The denotation as “Persian wheat” for subsp. carthlicum confuses the geographical side of the problem. First time this designation was used by N.Vavilov (Loskutov 1999) erroneously. Subsequently Nevski corrected this error by calling it carthlicum (Carthli-central province of East Georgia) though the name Persian wheat is still used (Menabde 1948; Mosulishvili et al. 2017). Common name of this subspecies in Georgian is Dika. In our opinion it is more preferable to denote tetraploid domesticated hulled T. turgidum subsp. palaeocolchicum not as Georgian wheat but as West Georgian wheat and tetraploid, domesticated, free-threshing T. turgidum subsp. carthlicum not as Persian wheat but as East Georgian wheat.

The third subspecies of wheat detected in west Georgia is hexaploid domesticated, hulled spelt wheat T. aestivum subsp. macha. This subspecies was detected in West Georgia in 1928 and described by Dekaprelevich and Menabde (1932). This subspecies is endemic to Georgia and is cultivated along with tetraploid West Georgian wheat (T. turgidum subsp. palaeocolchicum) (Dorofeev et al. 1979). Comparative and molecular genetic analyses suggest that macha wheat is a segregant from a hybrid cross between wild emmer wheat and T. aestivum. It is likely that macha and West Georgian wheats are sibling cultivars that arose in a hybrid swarm involving T. aestivum and wild emmer wheat (Tsunewaki 1968).
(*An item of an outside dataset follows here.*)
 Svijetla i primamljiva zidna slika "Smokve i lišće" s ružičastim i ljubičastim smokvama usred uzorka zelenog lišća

Earlier we termed it as the Zanduri Puzzle that the wild T.araraticum Jakubz. (T. timopheevii subsp. armeniacum (Jakubz.) Slageren) was not found in Georgia, even though cultivated T. timopheevii is only detected here (Gogniashvili et al. 2015). This statement is true also for both domesticated tetraploid wheats subsp. paleocolchicum and subsp. carthlicum. The wild emmer was not found in Georgia (and in South Caucasus), though cultivated tetraploid wheats were only detected there.
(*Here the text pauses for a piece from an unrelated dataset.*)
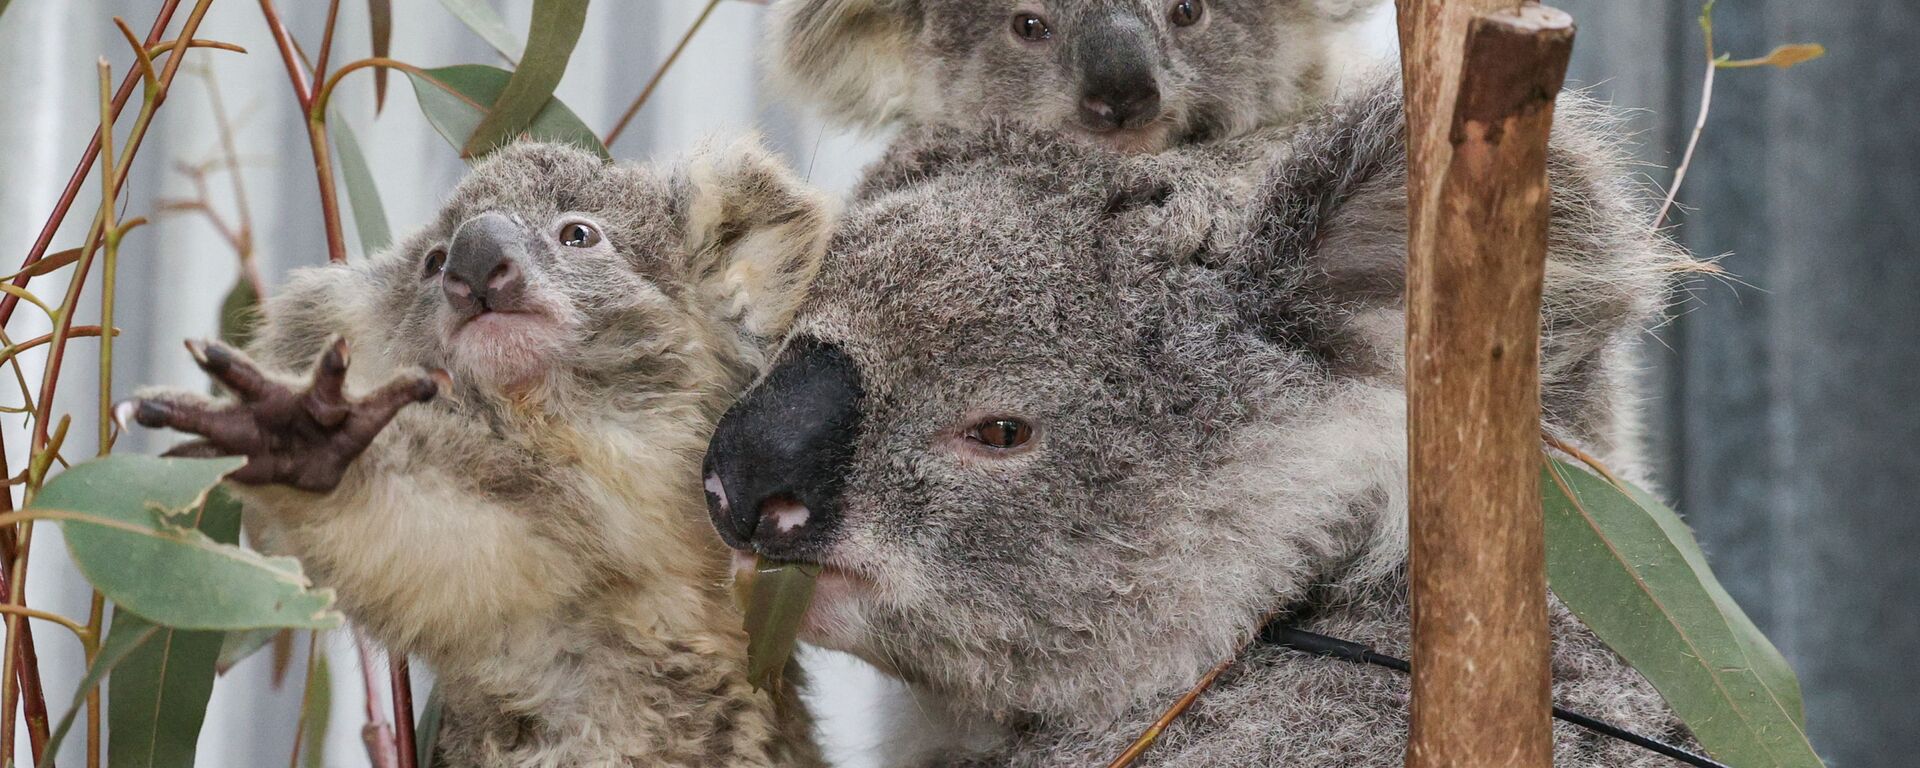 ¿Cómo rescatan a los koalas afectados por los incendios forestales? - Sputnik Mundo, 1920, 20.10.2020

One of the important questions of wheat domestication is which people(s) participated in this process. The ones who lived in Fertile Crescent 10,000 years ago? When discussing the phylogenies of wheat species and subspecies, it also seems very important also to adhere precisely to not only the place of origin, but also a major diffusion routes of cultivated forms to other regions.

As we mentioned earlier (Gogniashvili et al. 2015), it is not exactly clear how the Georgian tribes came to the South Caucasus and where they lived at the period of wheat domestication. The Kartvelian peoples include: Georgians (Kartvels), Zans (Megrels and Lazs) and Svans. It is proposed that the split of the Proto-Kartvelian language into Svan and Proto-Karto-Zan was a separate development and can be fixed for these languages at approximately 2600 and 4200 years, respectively (Klimov 1998). In the view of Gamkrelidze and Ivanov (2010) based on the evidence of archaic lexical and toponymic data, Proto-Kartvelian, prior to its breakup, must be placed in the mountainous regions of the western and central part of the Little Caucasus (the Transcaucasian foothills).
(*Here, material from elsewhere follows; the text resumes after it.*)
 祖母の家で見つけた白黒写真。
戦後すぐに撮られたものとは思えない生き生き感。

One of the possibility to explain the “Wheat Puzzle” is that Kartvelian speakers lived (with other peoples) in the area of ‘Fertile Crescent’ and brought some wheat species and subspecies further north to South Caucasus. It is also possible that early farmers (circa 10,000 years ago) brought it into present day Georgia (M. Pagel, pers. comm). The movement of Kartvelian speakers from south to north can be represented as follows: Svans, Megrels, Lazs-north and Georgians (Kartvels)—north-east.

An unsolved problem is the necessity to explain how wild emmer and T. aestivum contacted each other. The habitat (motherland) of wild emmer is Fertile Crescent and that of T. aestivum - South Caucasus. Fertile Crescent and South Caucasus are divided by mountain chain-Pontic, Lesser Caucasus and Zagros mountains. Unfortunately the archaeological literature is not very rich in this subject. May be the wild emmer was brought to the South Caucasus with the cultivated emmer.